This is why I told him to emerge samba.  

smbmount -o username=xxx,password=xxx //server/share /mnt/wherever

----------

## Ian

uh splooge, your way gave me something similar to what i've been getting.  it also says that it's the same as mount.smbfs (that's probably where i saw it before).  so yeah, unless i just typed something in wrong (which could be the case) the smbmount thing doesn't work either :/.

----------

## splooge

Hrm, try adding this to /etc/fstab:

//10.1.1.200/c   /mnt/c   smbfs   noatime,noauto   0 0

Make sure your mount point /mnt/c exists:

mkdir /mnt/c

then:

mount /mnt/c

See if that helps.

----------

## Ian

nope, fstab doesn't like smbfs mounting in it.  just tells me the line it's on is bad.  this is starting to annoy me, because it should be so simple, yet it's not...

*pulls out his hair*

oh well, at least i'm getting somewhere with it (even though it is much yet).

----------

## splooge

For ease's sake ... take out the spaces in the sharename, and try again, making sure there's only the spaces that are appropriate in your fstab.

----------

## haidar

Hello,

I am not sure if you did this or not, I always have to add a username in the samba password file like this:

   smbpasswd username

it will prompt you for a password. you need to use the same username and password as in the windows machine.
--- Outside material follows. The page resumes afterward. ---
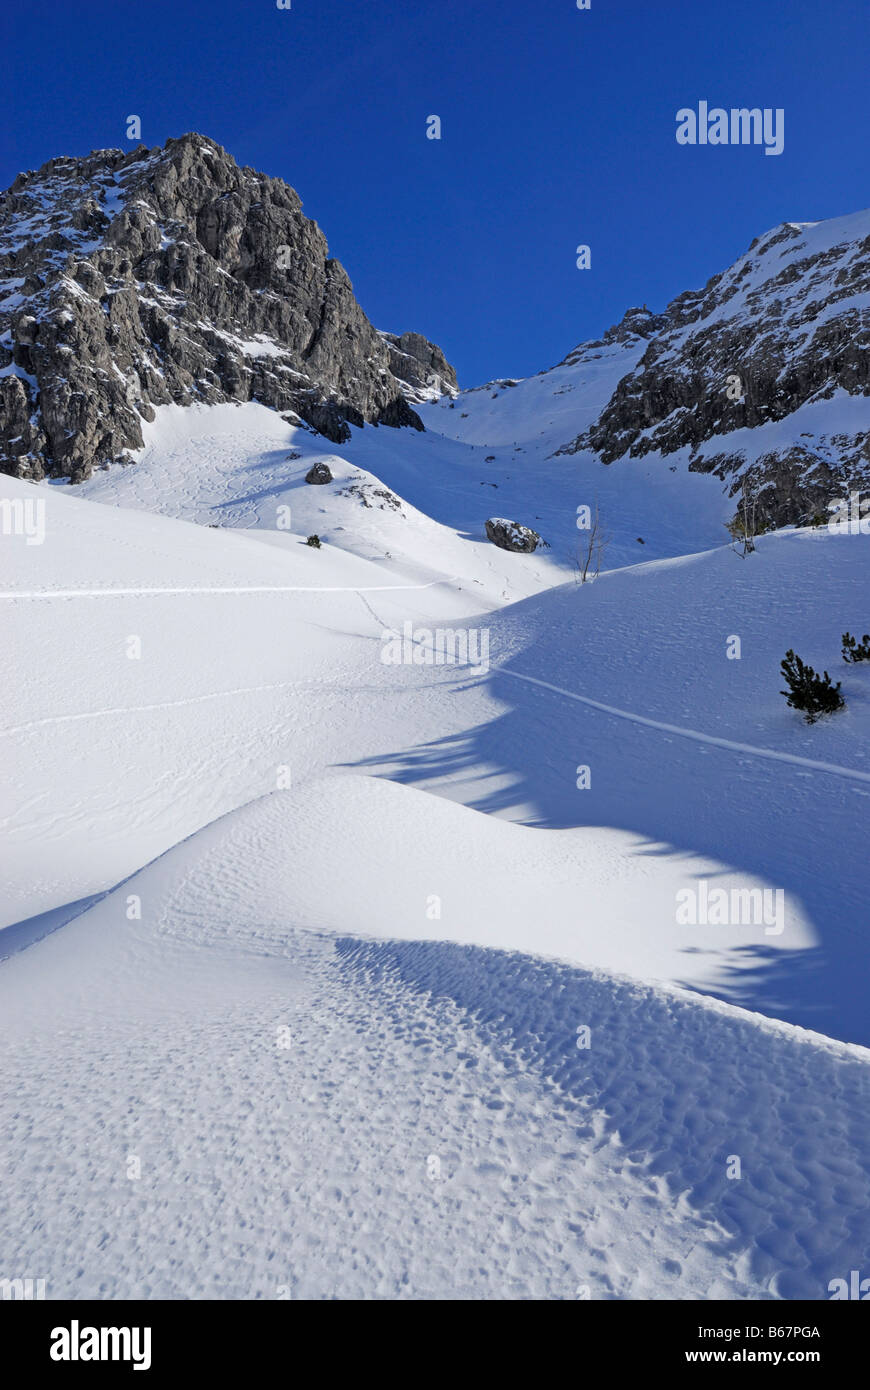 snow-covered cirque with snow dunes beneath Schafalpenkoepfe, Ochsenloch, Kleinwalsertal, Allgaeu range, Allgaeu, Vorarlberg, Au Stock Photo

also did you make sure that the option :

    encrypt passwords = true

is in your smb.conf file

I hope this helps.

Ayman

----------

## Ian

yeah, i've had the server side set up for a while now.  that part i know works, and i have no problem going windows --> linux (i haven't tried linux --> windows, because i never had to yet).  the problem i'm having is the client side on linux, because this is the first time i've gone linux (client) --> linux (server), mostly because i've never had a second linux computer till now :p.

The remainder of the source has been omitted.